1. **Don't ask qwen3-coder-plus to "find AND fix" in one prompt** — split via wf-survey-then-fix.
2. **Don't run multiple or-loop instances on overlapping repos** — same-file race conditions.
3. **Don't trust max-turns alone** — also set --max-cost (some prompts burn budget on 5-turn loops with huge contexts).
4. **Don't forget the wrap-up commit** — system prompt enforces it but qwen sometimes skips. Orchestrator wrappers (wf-fix-loop / wf-survey-then-fix) auto-commit-on-exit as safety net.

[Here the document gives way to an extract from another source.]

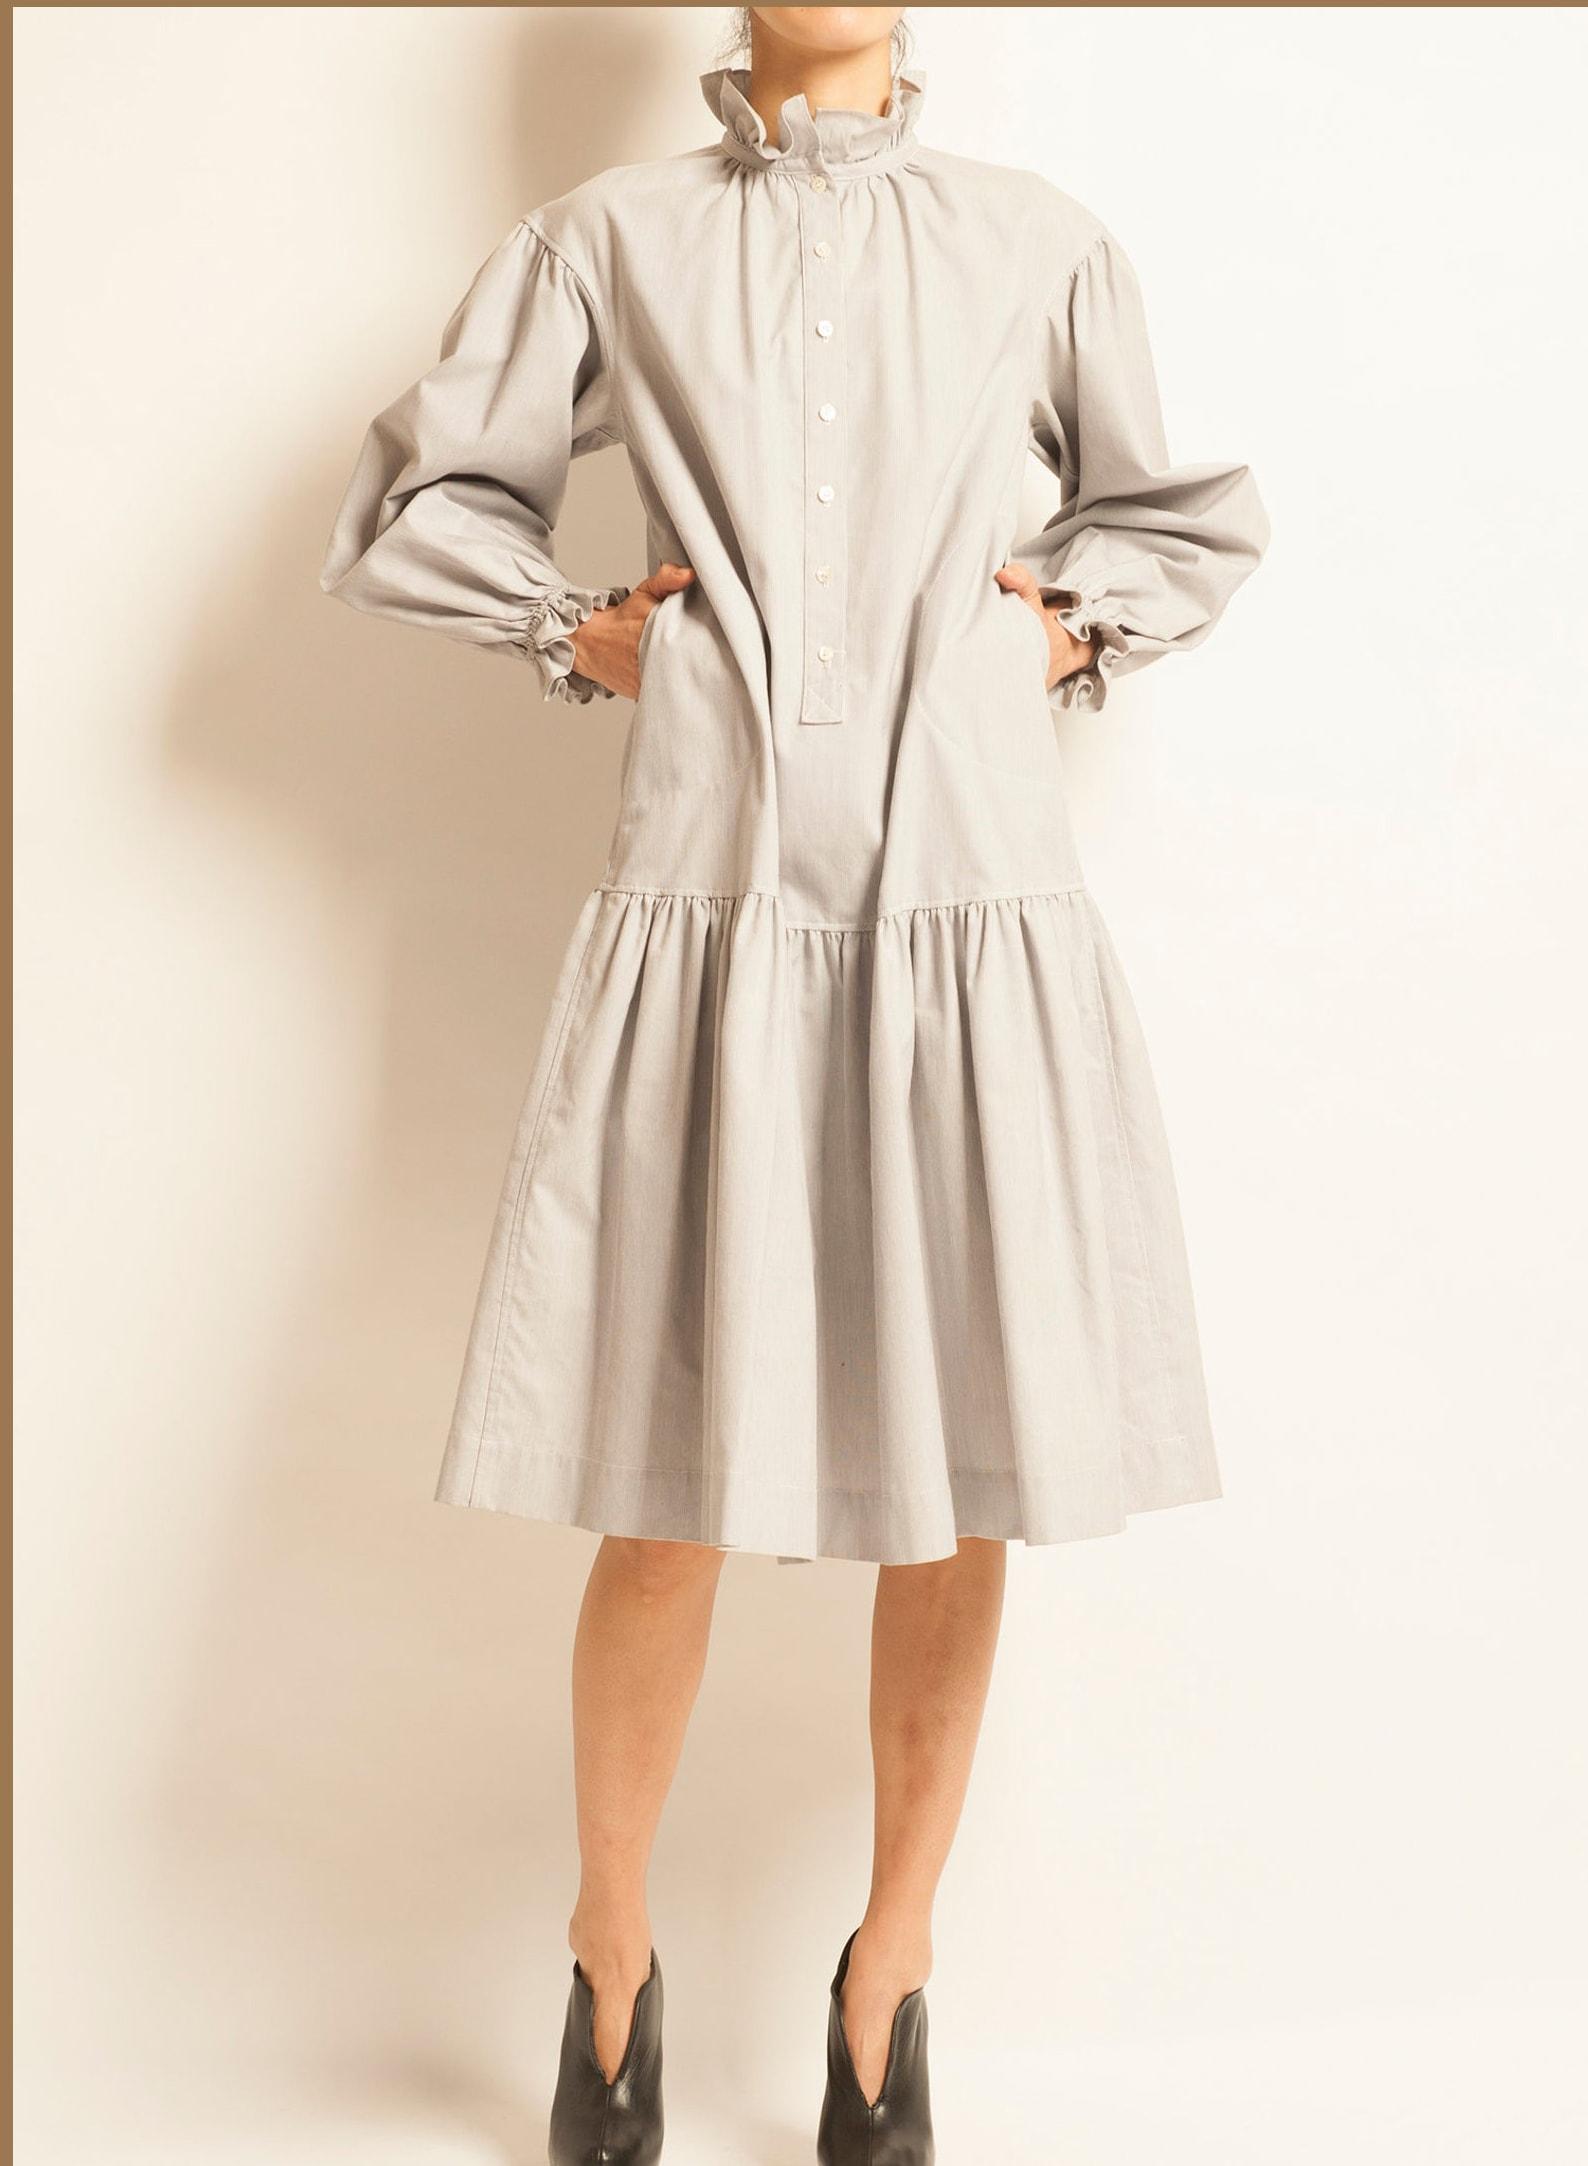 Day dress Yves Saint Laurent from 1977

## Tool-call truncation fix (2026-05-05)

**Symptom:** qwen (and other models on Alibaba/OR providers) returned `<400> InvalidParameter: function.arguments must be in JSON format` after `[turn N] out=4096 finish=tool_calls` — never a clean tool_call dispatch.

**Root cause:** `or-loop` had `max_tokens: 4096` hardcoded. A `write_file` payload >~3KB blew the cap → JSON tool-args got truncated mid-string → upstream provider rejected.

**Fix applied 2026-05-05:** raised default to 16384, env-overridable via `OR_LOOP_MAX_TOKENS`. See `/usr/local/bin/or-loop` line ~239.

**How to spot the failure pattern:** `out=4096` exactly + `finish=tool_calls` + next turn HTTP 400 with InvalidParameter. Don't switch model — bump cap.